On a low chair in a cell sat a most singular looking person. A round, wrinkled, sunburned face; small head crowned with thick, shaggy gray hair, that fell down over and almost concealed the blackest and sharpest of eyes; a slender body, clothed in a scant and shabby female garb, and lower limbs encased in tattered trousers--this was the occupant of the cell--Lucy Ann Lobdell Slater, better known as "The Female Hunter of Long Eddy."

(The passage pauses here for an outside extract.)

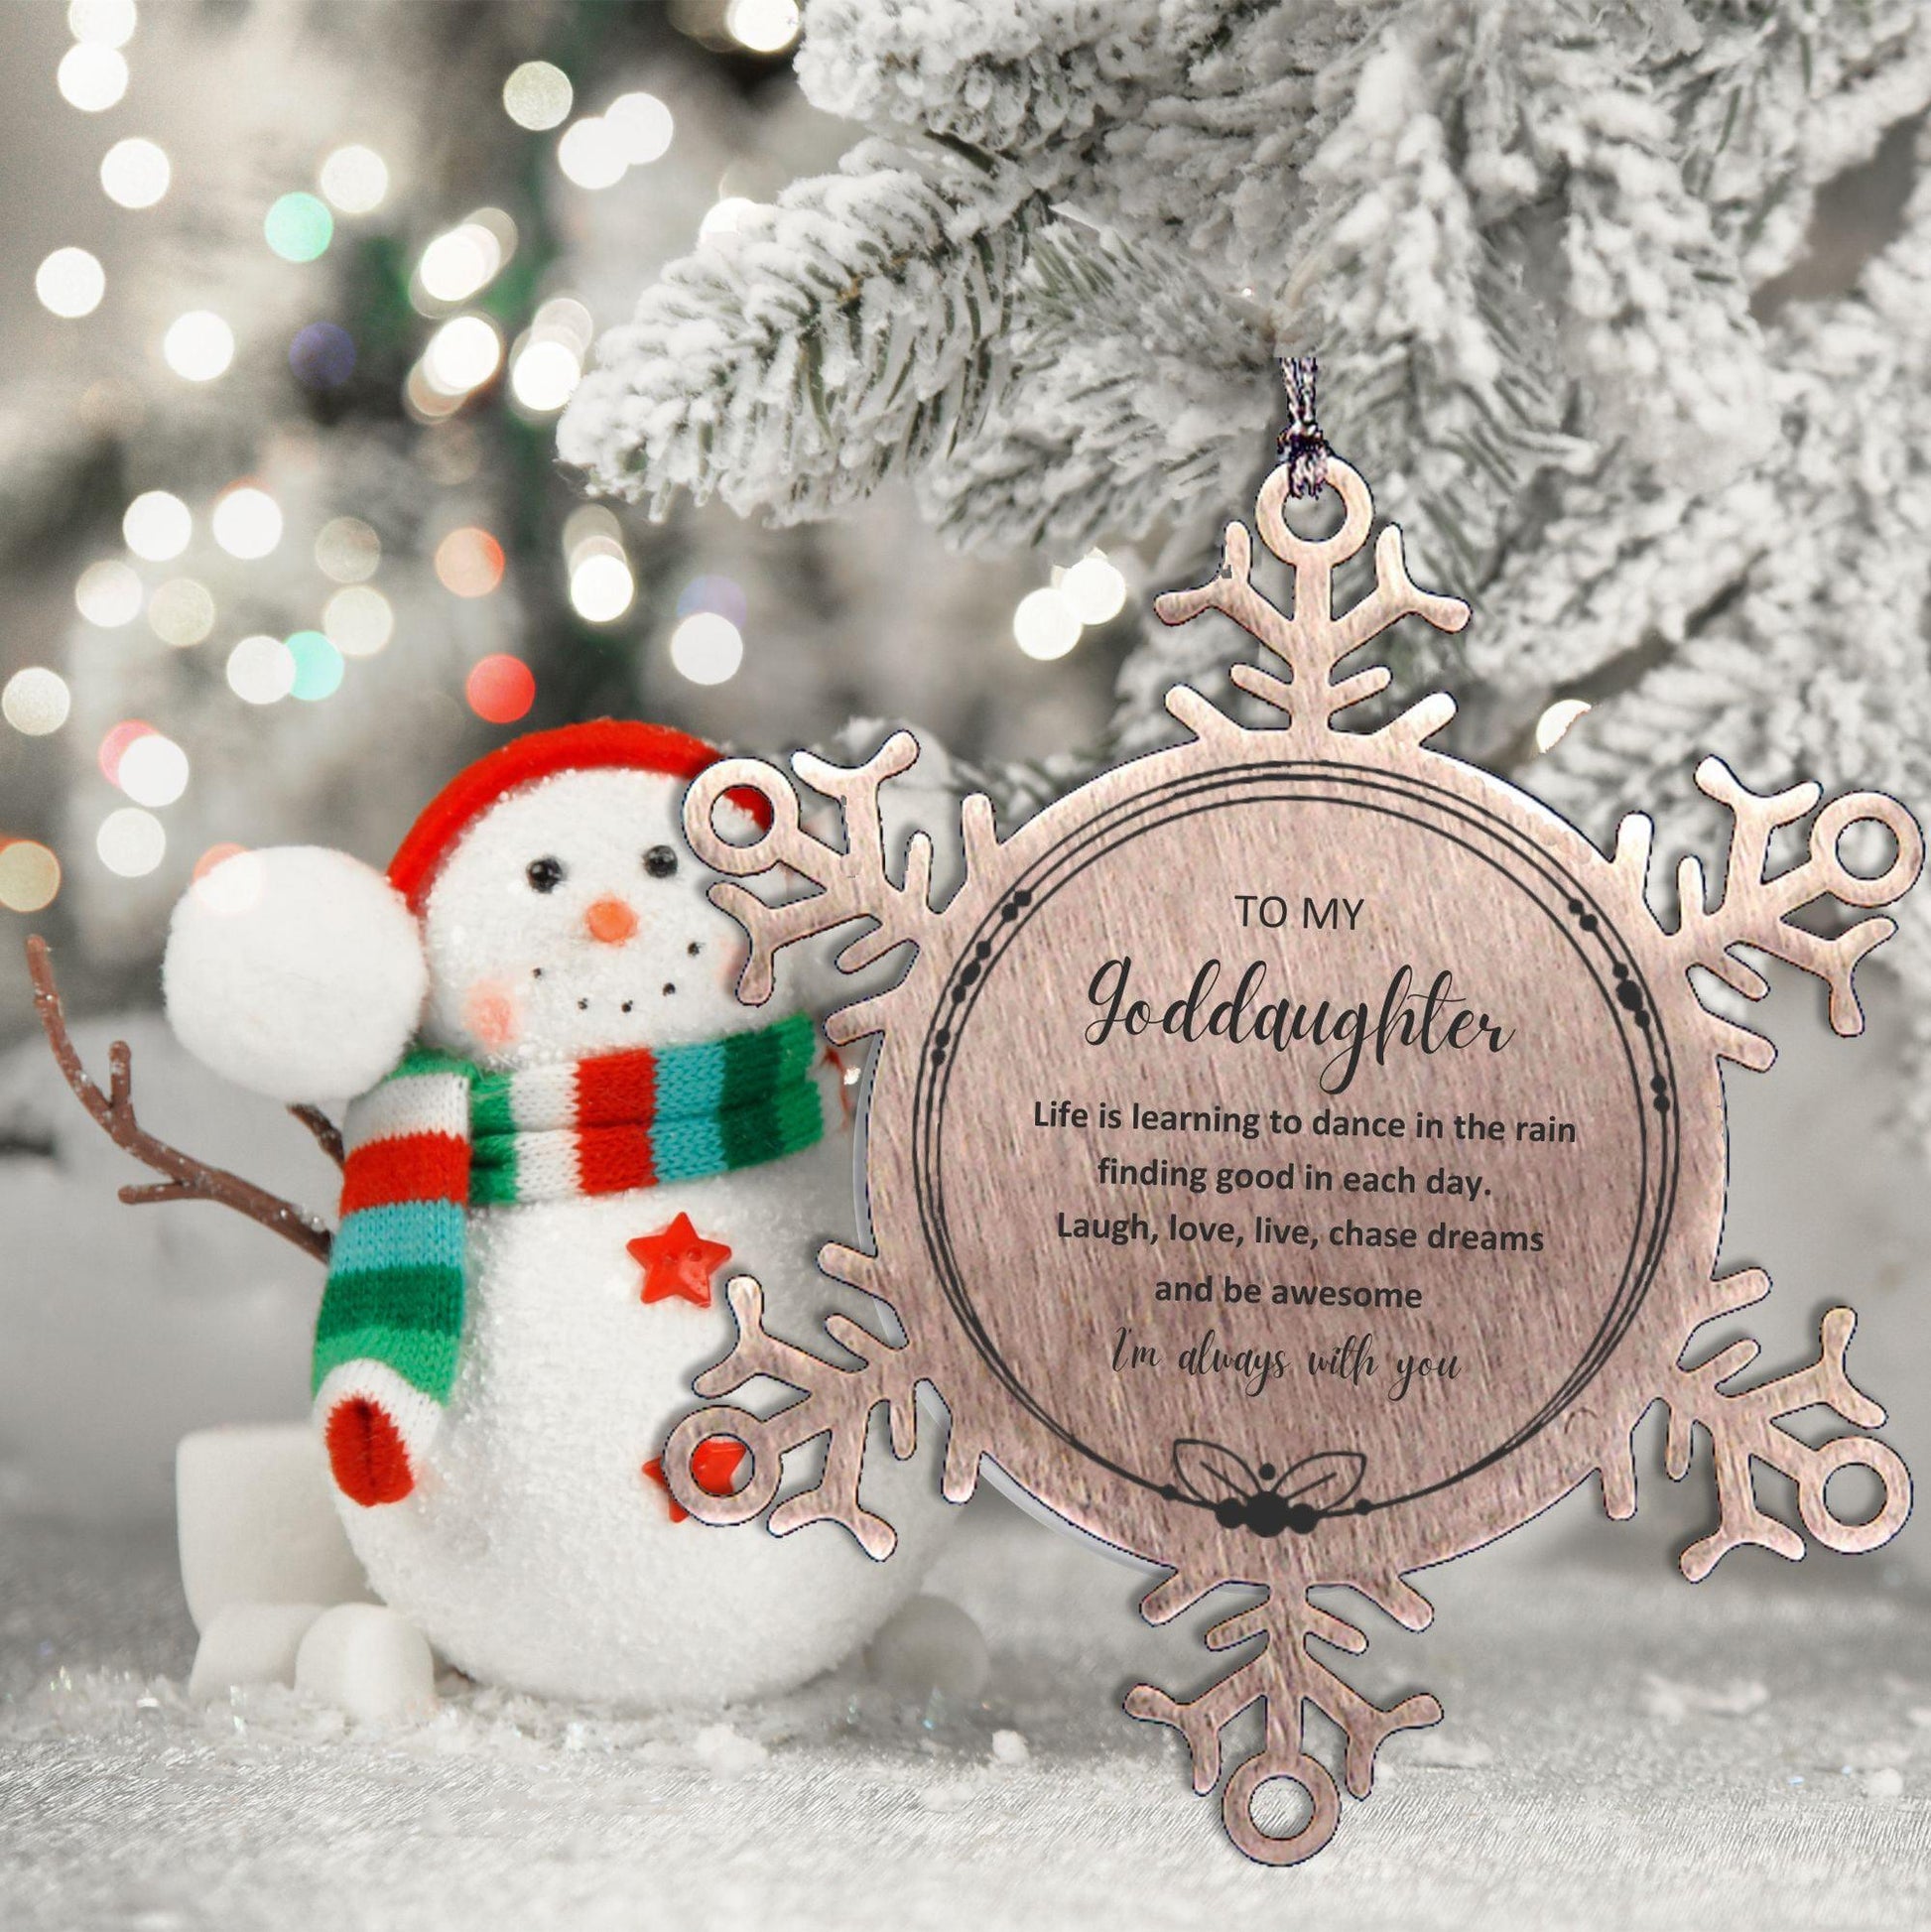 Goddaughter Christmas Ornament Gifts, Goddaughter Snowflake Ornament, Motivational Goddaughter Engraved Gifts, Birthday Gifts For Goddaughter, To My Goddaughter Life is learning to dance in the rain, finding good in each day. I'm always with you - Mallard Moon Gift Shop

About forty-five years ago a family named Lobdell lived in Delaware county, N.Y., at what is now the village of Long Eddy on the Delaware river and the Erie railway. The locality was very sparsely settled then. Lumbering was the calling of the people of the vicinity. The Lobdells dwelt in a cabin in the woods, where a daughter, to whom they gave the name of Lucy Ann was born. From the time this child was old enough to walk she was a great favorite among the hardy woodchoppers and raftsmen. They often took her off to the logging camp and kept her days at a time and she early became inured to the hardships and privations of this life. The lumbermen in those days were all good hunters, and always carried their rifles with them. Before Lucy Ann was eight years old they had taught her the use of the rifle and she soon became as good a shot as there was in the settlement. At the age of twelve she could outshoot any of the men, and handled the ax with the dexterity of an old chopper. Before she had reached the age of sixteen she had killed several deer, and for her to go away into the forest alone and remain over night was not an uncommon thing. She once slew a panther on one of her hunting exploits, and the skin of the animal is still in the possession of a former sheriff of Wayne county, Pennsylvania.

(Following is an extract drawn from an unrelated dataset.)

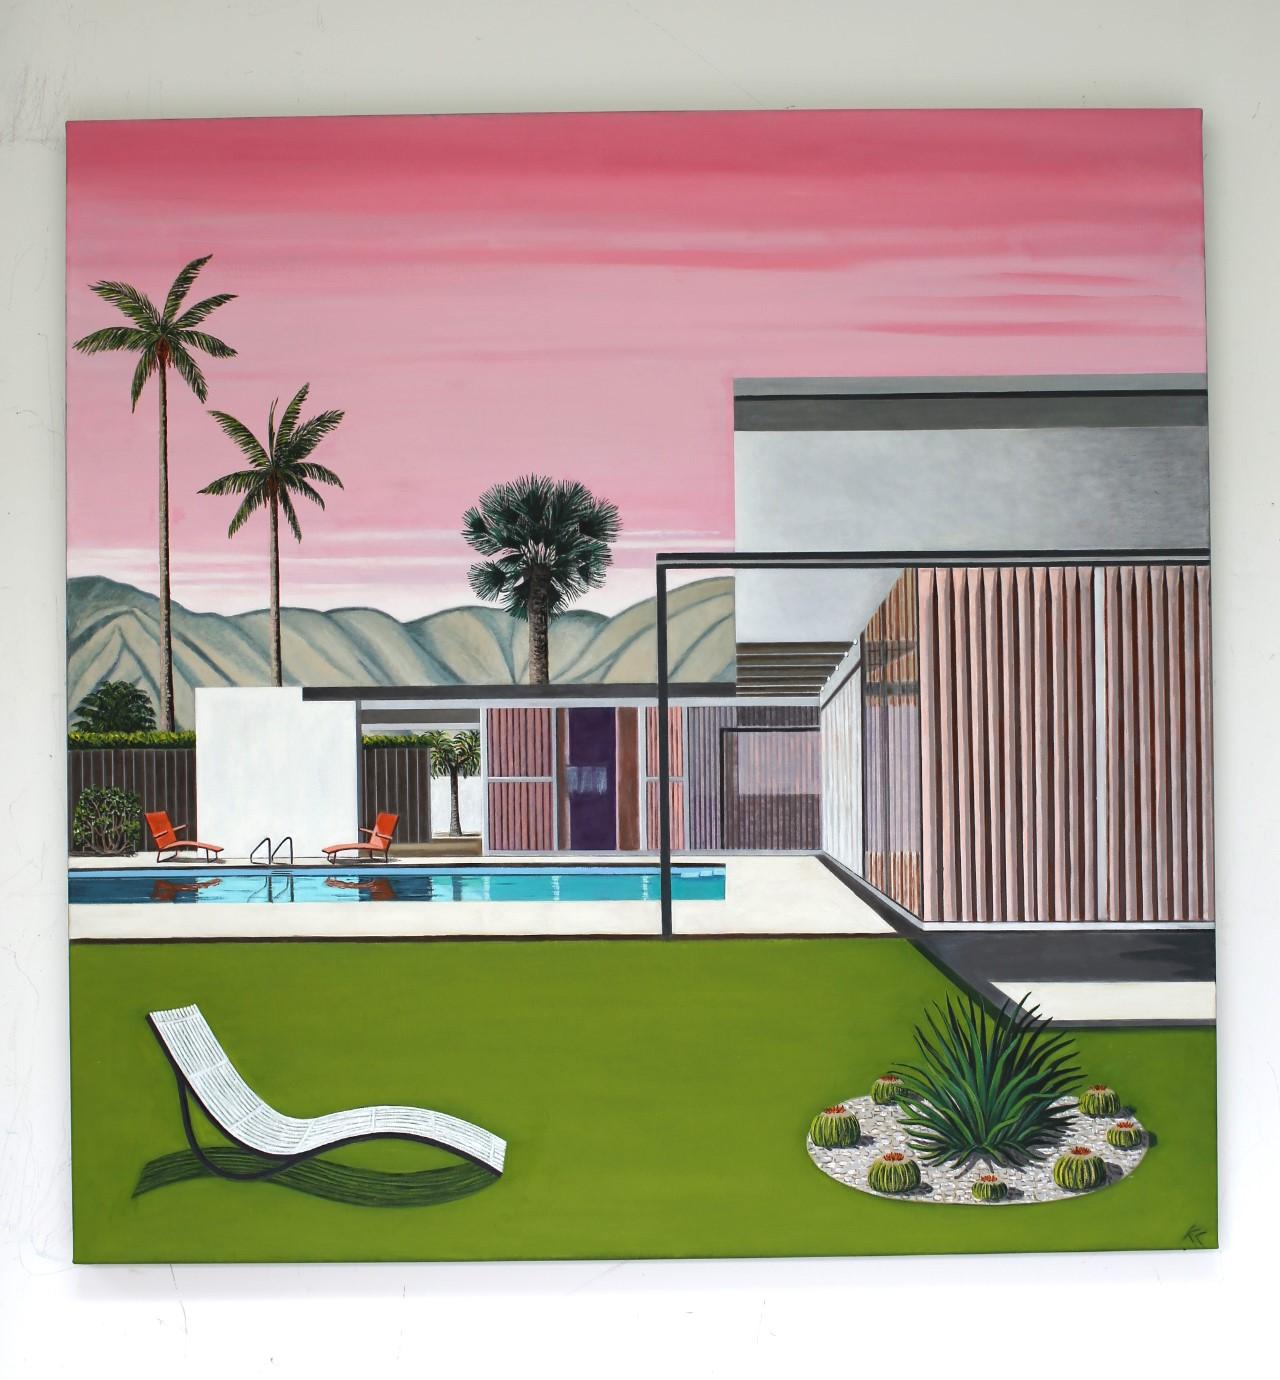 Pink Sky Neutra House, Original painting, Architect, Contemporary, Hockney style - Painting by Karen Lynn

In spite of her masculine tastes, Lucy Ann Lobdell's name as a girl and woman was free from reproach, and she could have had her choice of a husband from the best young men in that or the adjoining settlements. But she had no inclination to marry, and she rejected all offers.
A raftsman named Henry Slater came about the year 1850, to work at the Basket, as the settlement was called. he formed the acquaintance of Lucy Ann, and to the surprise of everybody they were married. Slater had proposed to the girl, and she told him that they would shoot at a mark with a rifle. If he beat her shots, she would marry him; if not, she would remain with her parents. The trial of skill took place, and the raftsman was victorious. Slater proved a worthless husband, and neglected and abused his wife. A year after they were married Mrs. Slater gave birth to a daughter. Before it was two weeks old Slater deserted the child and its mother, leaving them in destitute circumstances. He never returned, and no one knows what became of him.
The unhappy young woman went back to her parents, and to work. After she had for two years tried to get along by doing woman's labor with poor success, she laid aside the apparel of her sex, donned men's clothing and taking her rifle, went into the woods to earn a living for herself and child. For eight years she roamed the forests of Sullivan and Delaware counties New York State, and Wayne and Pike, in Pennsylvania. She had cabins in various places, and would return home not more than once a years, and only appeared in the settlements and villages to sell her game and skins and to procure ammunition. On one of her visits to her child when it was about six years old, her parents complained of having its care on their hands. She took it away and had it placed in the almshouse at Delhi, and returned to the woods. During her long career as a hunter she was exposed to fearful hardships and perils. In the severe winter of 1867 when the snow was over four feet deep on the level in the woods and lasted four months, she never saw a human face, nor heard any voice but her own. She was snowbound in one of her cabins in the depth of a Sullivan county wilderness, where she had fortunately stored the proceeds of a few weeks successful hunt.
In 1860, shattered physically and mentally, she appeared at the Basket and resumed woman's clothing. She at times would recount her experiences in the forest, and asserted that in the eight years she had killed 150 deer, eleven bears, numerous wild cats and foxes, besides trapping hundreds of mink and other fur bearing animals. She had hand-to-hand contests with both wounded deer and bear as ugly scars upon her body amply testified. For two or three years after her return she led a mendicant sort of life through the valley, and finally entered the poorhouse at Delhi to which she had sent her child several years previously. This child, however had sometime before been taken out of the institution by a farmer of Damascus township, Wayne county, Pa. named David Fortman, and given a home at his house.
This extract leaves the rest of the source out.